>>>>>

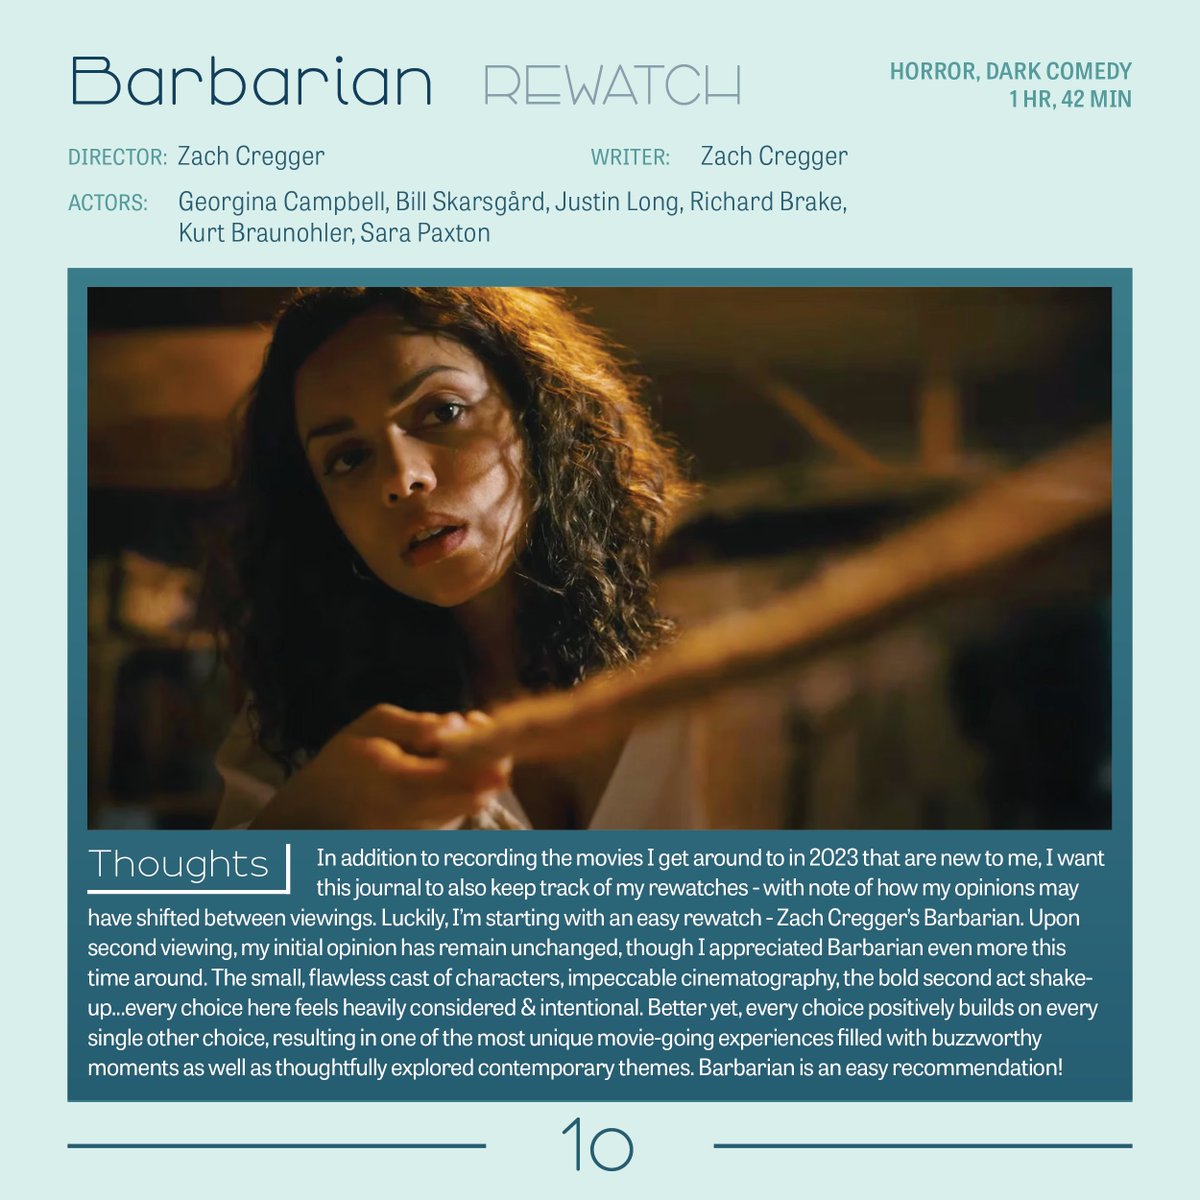 #2023MovieJournal
#13 of 2023 - #Barbarian
Written and Directed by: #ZachCregger
Starring: #GeorginaCampbell, #BillSkarsgård, #JustinLong, #KurtBraunholer, #SaraPaxton
Streaming on: #HBOMax 

For more thoughts, check out this recent @expgrindpodcast ep:
experiencegrind.com/barbarian-ft-r…
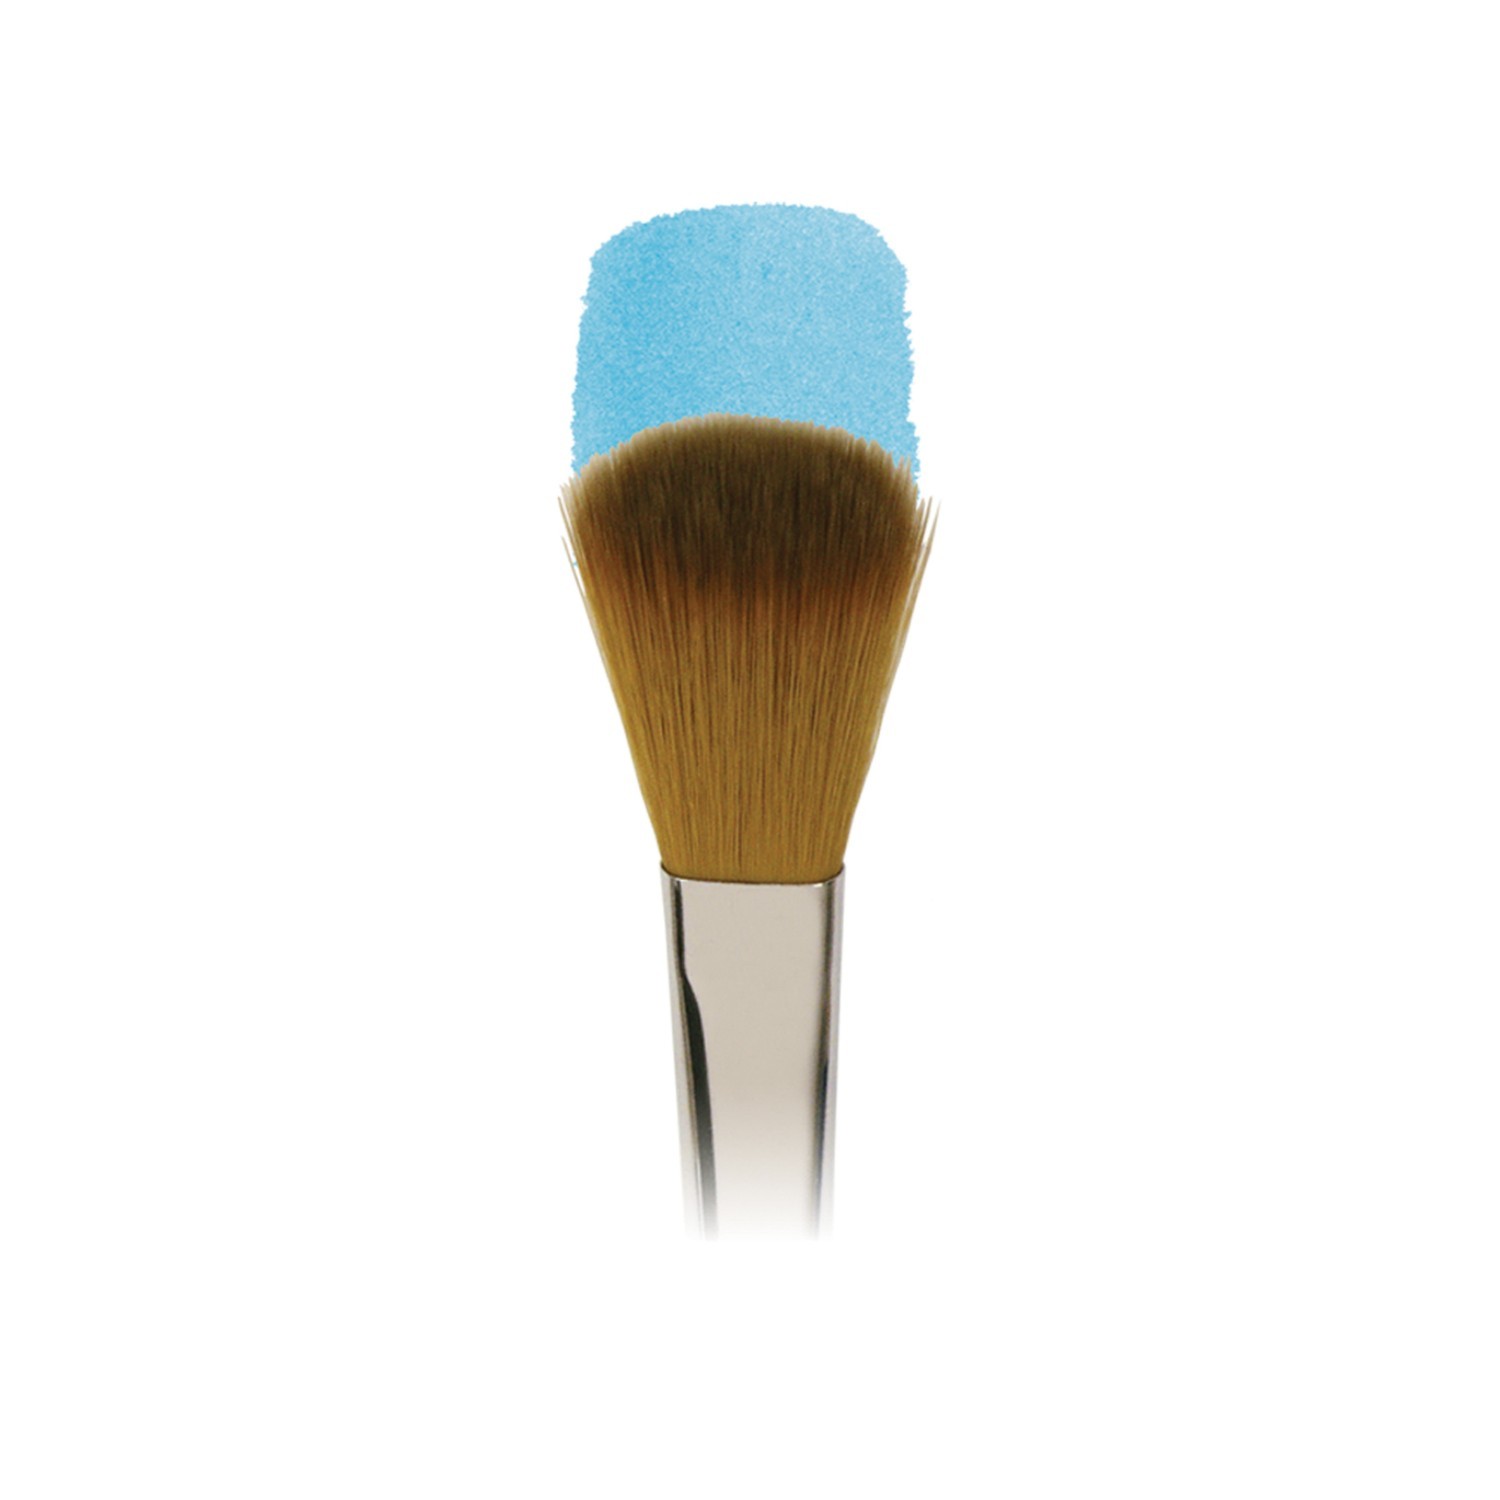 Winsor and Newton Cotman Watercolour Mop Brush - Blue / 3/4 inch Image 2
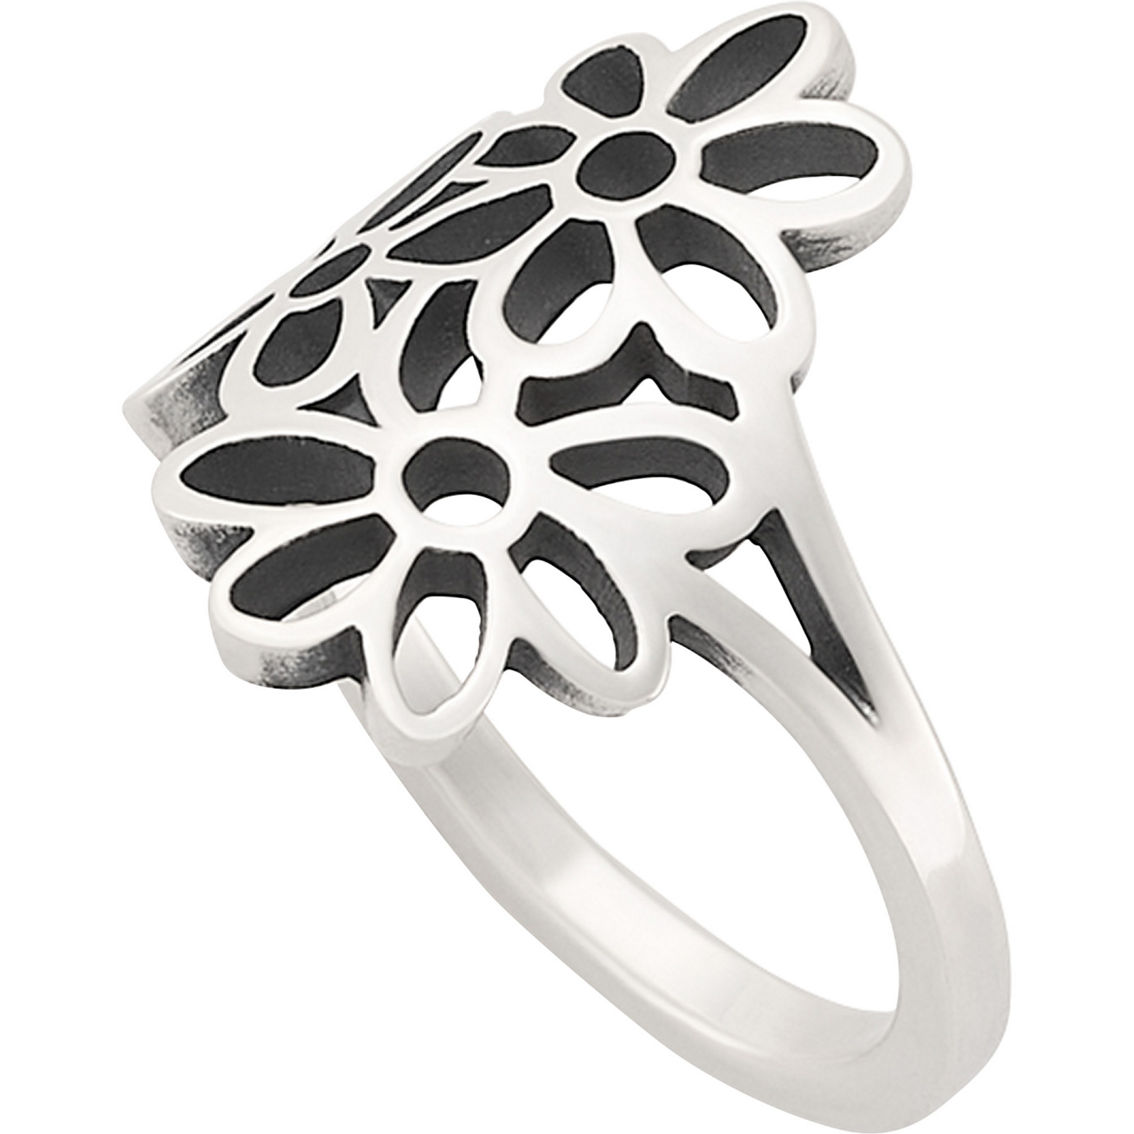 James Avery Sterling Silver Open Floral Ring - Image 3 of 3

<<<<<

> **What to do**: Everything from the line containing "Written and Directed by: #ZachCregger" through the last line of the entries must be repeated verbatim, except pictures.

> **Written answer**:
Written and Directed by: #ZachCregger
Starring: #GeorginaCampbell, #BillSkarsgård, #JustinLong, #KurtBraunholer, #SaraPaxton
Streaming on: #HBOMax 

For more thoughts, check out this recent @expgrindpodcast ep:
experiencegrind.com/barbarian-ft-r…
 Winsor and Newton Cotman Watercolour Mop Brush - Blue / 3/4 inch Image 2
 James Avery Sterling Silver Open Floral Ring - Image 3 of 3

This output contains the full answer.